Our second golden thread.
‘She’s just got to get final clearance from her doctor,’ I explain. ‘She’s so close to having the baby now! But she and Hannah have everything crossed they’ll make it.’
Charlie twists his face in concentration and starts counting things on his fingers. ‘My step-nephew?’
I laugh. ‘It’s a complicated family, isn’t it, Uncle Charlie-to-be!’
Ruby might have been the image of her mother, but I never knew Genevieve. The more I’d got to know her, the more of Hugh I imagined I saw in her. The way she raked her hand through her hair in frustration. The extraordinary patience. The habit of taking the long packets of sugar in coffee shops and meticulously evening the distribution of the contents.
‘Why don’t you have a DNA test?’ I’d coaxed him one Christmas. ‘Just to set your mind at ease, once and for all.’
He’d resisted the idea for months. I know it was self-protection. What if he got his hopes up, and she wasn’t his? ‘We love her as if she’s mine, Kate. What would it achieve?’
But something about Ruby expecting a child had tipped him over. The idea of never knowing whether or not this baby was his genetic grandchild would have eaten him up – and eaten up his mother, too. She was positively agog at the idea of a great-grandchild.
And of course the result was just the miracle Hugh always deserved, so now we’re officially a complex family of five, and I have a step-grandchild on the way at forty-four and couldn’t be more there for it.
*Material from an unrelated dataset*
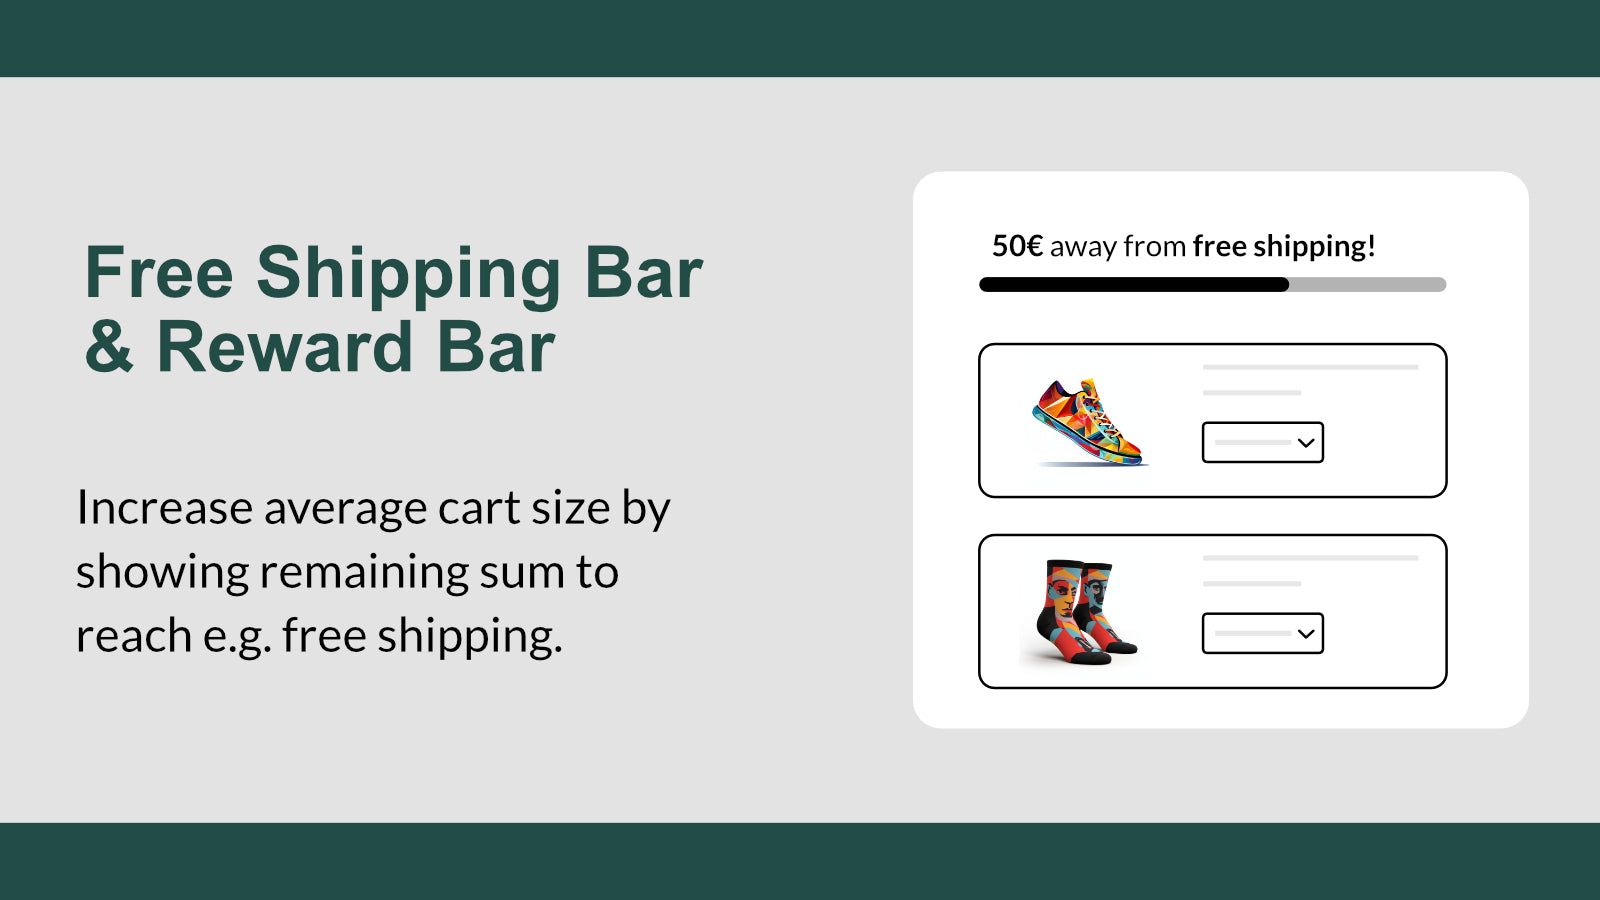 Increase average cart size by showing a free-shipping bar.

‘Are you free for a conference dinner on 16 September?’ Hugh asks, as Camryn squirms out of my arms and back into his. ‘Black tie thing. I’m looking for a date.’
‘I don’t know, that’s months away!’ I look back into the viewfinder and take a shot. ‘I guess so? Where is it?’
‘Dublin,’ he says in a tone so deadpan he might as well have said it’s on in the local scout hall. ‘Thought you might be homesick.’
I forget the aurora and look at my husband, with stars in my eyes and memories of that beautiful Northern Rivers hinterland, the weekend we found our way to each other. He’s a little bit older and a little bit greyer than when we first met eight years ago, and so am I, but we know that every extra year is a privilege denied to the two we’ll always love.
‘Hugh,’ Charlie interrupts, his voice suddenly wavering with nerves.
We both look at him as he pulls some dog-eared papers from the Minecraft backpack he’s been carrying around with him everywhere lately. He passes the paperwork to Hugh, and I notice his little hand shaking.
‘What’s this, mate?’ Hugh says, activating the torch on his phone to illuminate the words. As he reads, he lights up with an expression more beautiful than any I’ve seen pass across his face in all the time I’ve known him.
‘Adopting a step-child,’ he says aloud, his voice cracking, as Charlie flings himself at him for a tight hug.
It blows my mind, in the very best way. Hugh passes me the papers so he can hug Charlie properly, and I notice Charlie has stuck a fluorescent yellow sticky note on top of the government printout.
‘I don’t think Dad would mind,’ it says.
The tears are free-flowing now, all round. It’s not just Charlie’s unexpected request and everything it means to Hugh. It’s the fact that he’s building such an accurate understanding of the incredible man his father was.
The four of us stand together now, awestruck by the colours turning up the light in the darkness. And when I finally take a moment to glance from the aurora to my little Plan B family, I’m overcome with a strong sense of Cam’s nearness.
I’ve learned that love outlives death. It holds steady through despair. It won’t fade, even as time elapses and distance increases and your world shifts. Cam’s ongoing presence in my life is as fragile as the transient beams of light that dance across the sky. And as powerful. It reminds me that life is short, love is grand and Kate & Cam’s Excellent Adventure is timeless.